Tum-tum (Callagur borneoensis)
Tum-tum sebutan masyarakat Kalimantan Timur pada salah satu jenis kura-kura air Asia tenggara ini merupakan salah satu jenis kura-kura yang sedang terancam kepunahan, populasinya di habitat alami diyakini terus mengalami penurunan. Ekspor daging untuk dikonsumsi, ditangkap untuk menjadi hewan peliharaan hingga kerusakan habitat merupakan masalah krusial yang setidaknya dialami oleh jutaan ribu flora fauna dunia Termasuk Indonesia, dan masalah-masalah tersebut juga terjadi pada spesies eksotik ini. Jika tidak segera ditangani bukan tidak mungkin bahwa kedepan spesies ini tidak akan menghuni bumi lagi, hanya menyisakan foto, hasil peneltian atau bahkan awetan spesimen itu sendiri.

Tum-tum (Callagur borneoensis)
Individu Jantan Callagur borneoensis

Reptil yang termasuk kedalam genus Emydidae ini merupakan reptil eksotik yang umumnya mempunya persebaran di kawasan Asia Tenggara seperti Thailand, Malaysia, Brunei Darussalam hingga Indonesia.
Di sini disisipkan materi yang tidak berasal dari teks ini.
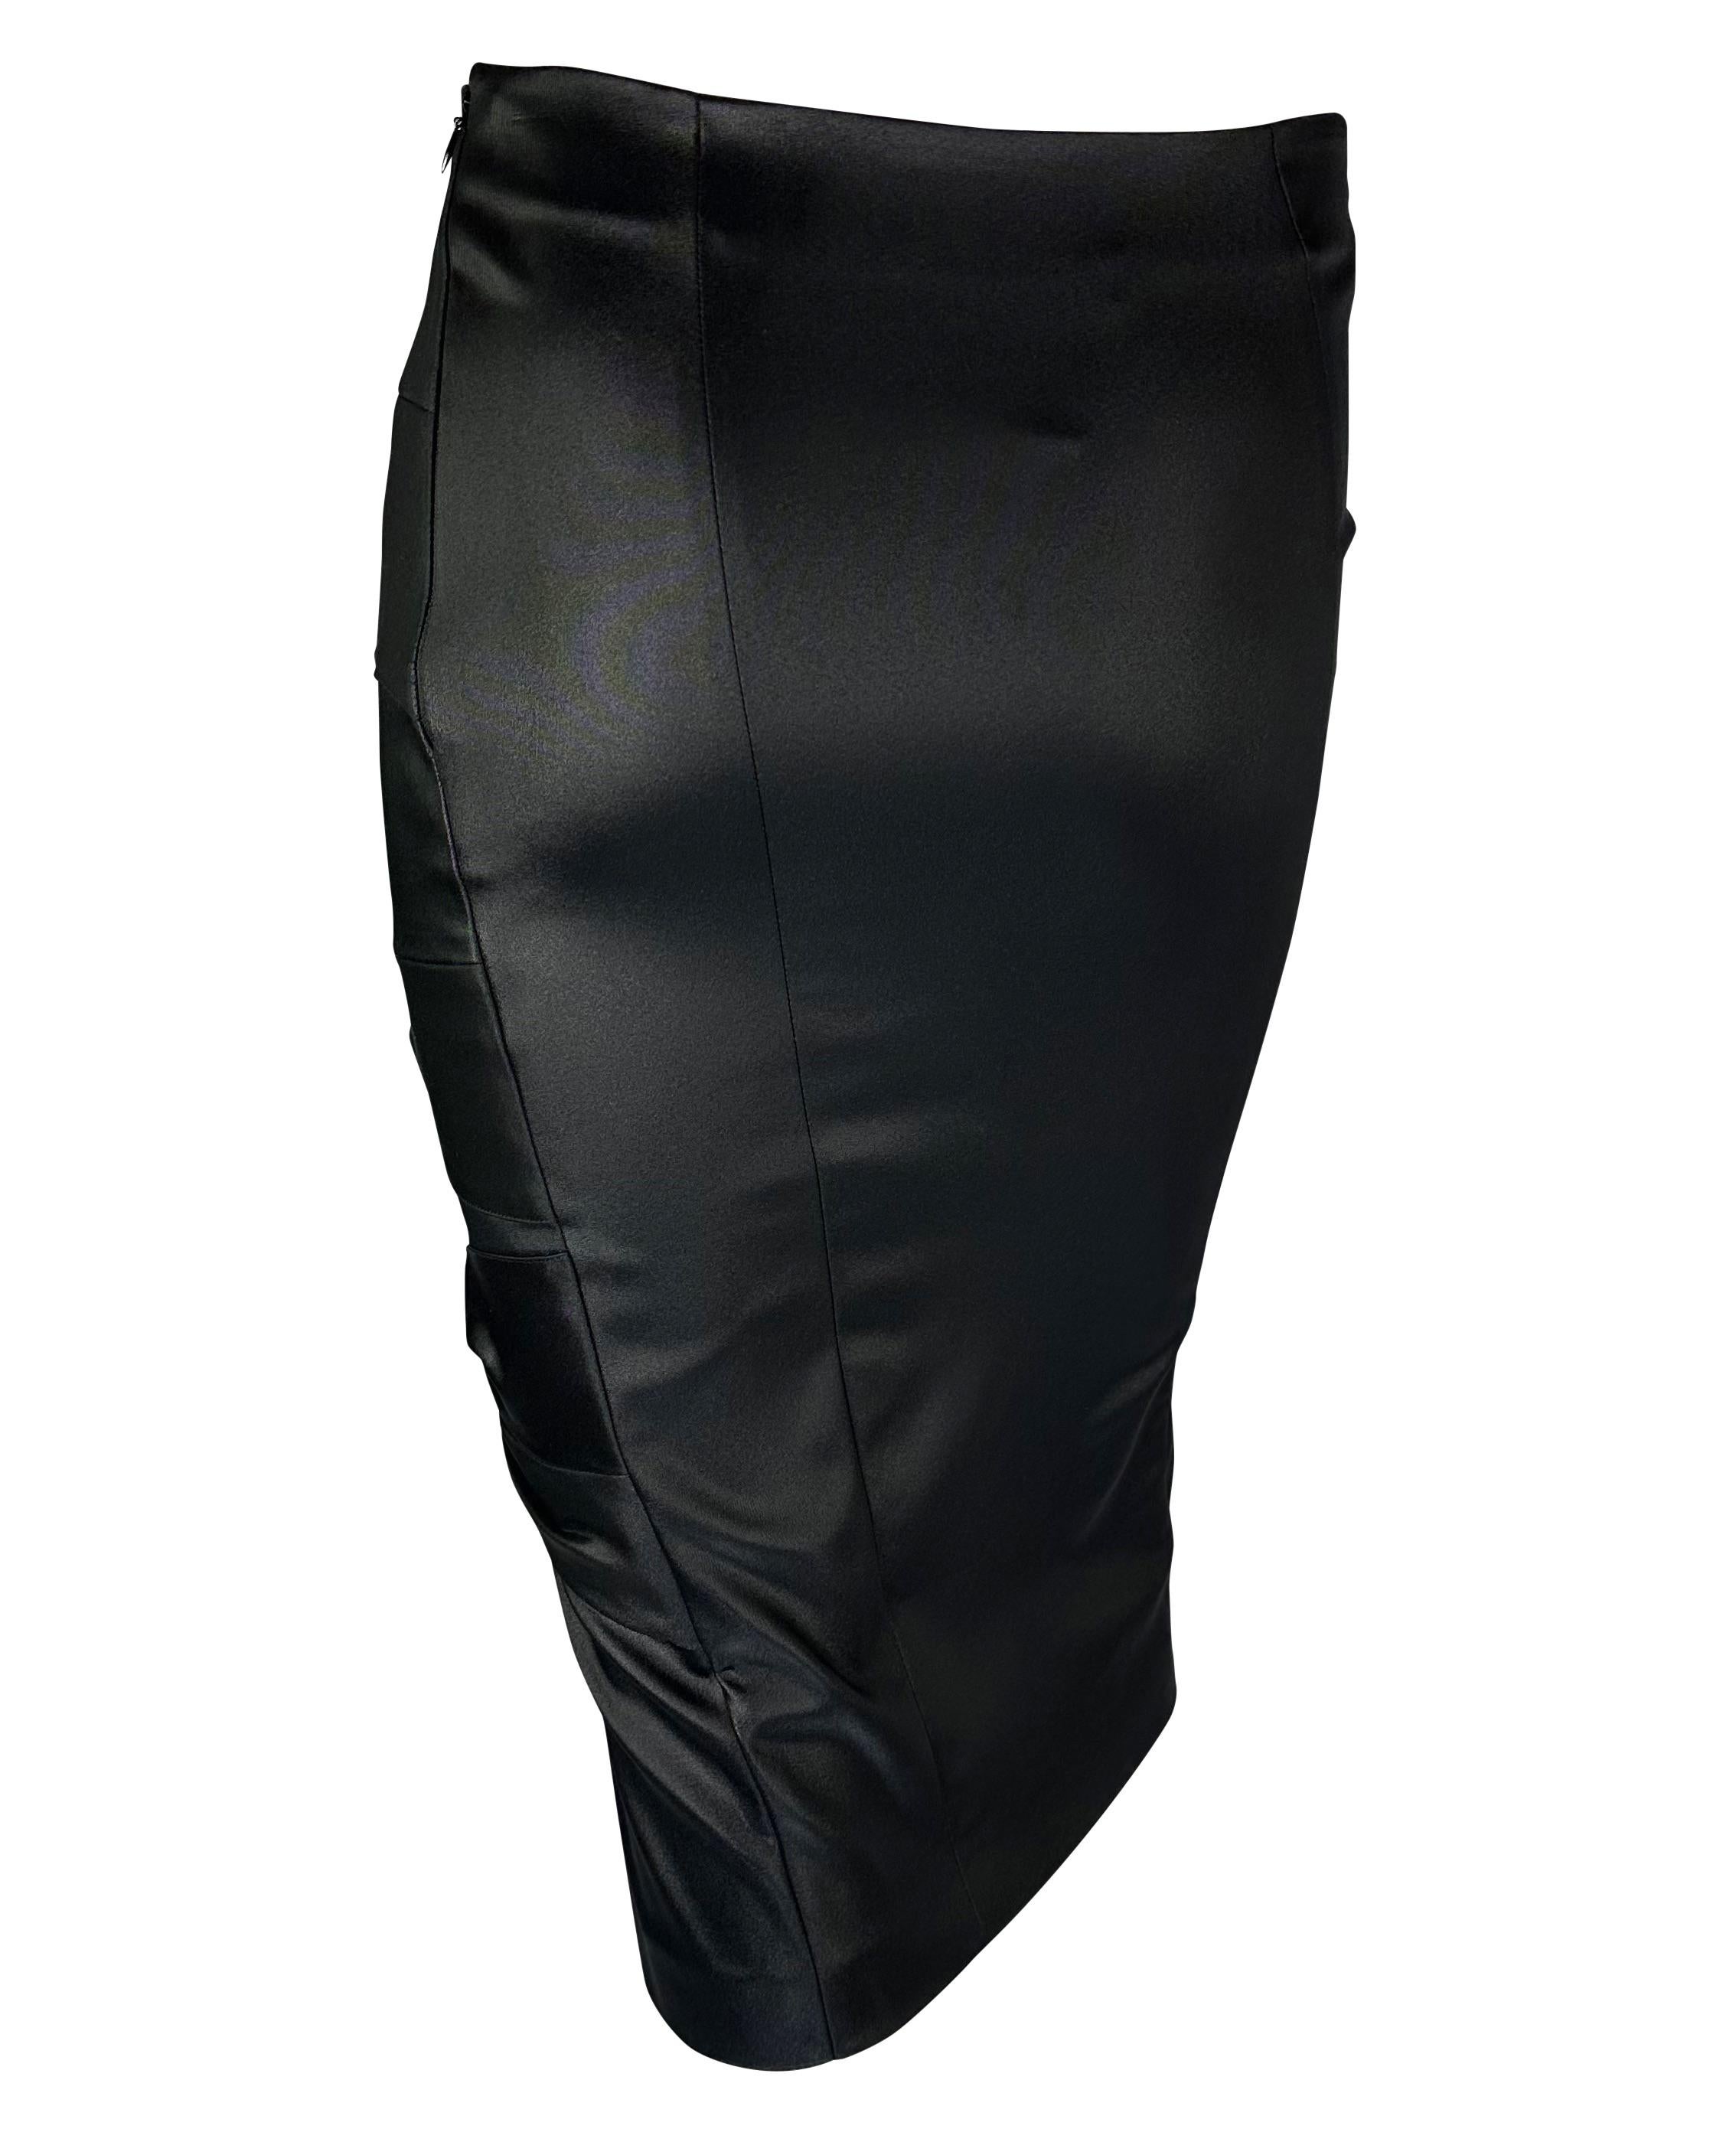 F/W 2003 Christian Dior by John Galliano for Tie Accenture Bodycon Stretch Skirt (jupe extensible avec nœud de cravate) en vente 1

Tum-tum atau tuntong laut mempunyai banyak panggilan di setiap daerah yang menjadi persebarannya, seperti di Sumatera orang menyebut hewan ini dengan nama tuntung, sedangkan mayarakat Kalimantan timur menyebutnya dengan istilah Kura-kura jidad merah dan dalam bahasa inggris disebut Painted Batagur, Painted Terrapin, Saw-jawed Terrapin, atau Three-striped Batagur. Selain itu hewan ini juga mempunyai banyak nama dalam istilah latin seperti Batagur borneoensis dan Emys borneoensis.
Callagur borneoensis saat musim kawan
Deskripsi spesies
Sesuai dengan namanya Three-striped Batagur, Tum-tum mempunyai 3 buah garis yang tersusun secara vertikal di atas karapaks/tempurungnya, umumnya pada betina corak garis tersebut agak memudar. Spesies ini termasuk kedalam jenis kura-kura full aquatic dimana ia lebih banyak menghabiskan hidupnya di dalam air dan hanya sesekali keluar kepermukaan air untuk berjemur (basking). Spesies ini menyukai habitat air payau berlumpur, sperti muara atau padang mangrove, ia banyak ditemukan di persisir pantai ketika musim bertelur antara bulan Juni hingga Agustus, atau pada bulan Oktober hingga Januari.


Kingdom
Animalia
Filum
Chordata
Kelas
Reptilia
Ordo
Testudinae
Famili
Emydidae
Genus
Callagur
Spesies
Callagur borneoensis
Sumber
Schlegel and Muller, 1884









Biasanya dalam satu kali musim bertelur terdapat ± 20 ekor betina dalam satu garis pantai, karena sering ditemukan di laut spesies ini juga disebut dengan istilah Tuntong laut. Betina pada umumnya mempunyai ukuran tubuh yang lebih besar dibandingkan pejantannya, namun dari segi warna pejantan lebih menarik daripada betina. Karapaks hewan ini dapat mencapai panjang 60 cm, bahkan pernah ditemukan spesimen yang mempunyai panjang karapaks berukuran 75 cm, individu betina dan jantan lebih mudah dibedakan ketika musim kawin, jantan akan mempunyai kepala berwarna putih dengan garis berwarna merah menyala dari ujung moncong hingga kebagian belakang kantung mata, selain itu karapaks jantan juga mempunyai lebih banyak corak berwarna hitam dengan warna dasar abu-abu, sedangkan betina mempunyai ukuran tubuh yang lebih besar dengan warna keseluruhan coklat ke abu-abuan. Dalam satu kali musim bertelur, hewan ini dapat menghasilkan 12-22 butir telur derukuran 68-76 x 36-44 mm yang diletakkan dalam sarang galian.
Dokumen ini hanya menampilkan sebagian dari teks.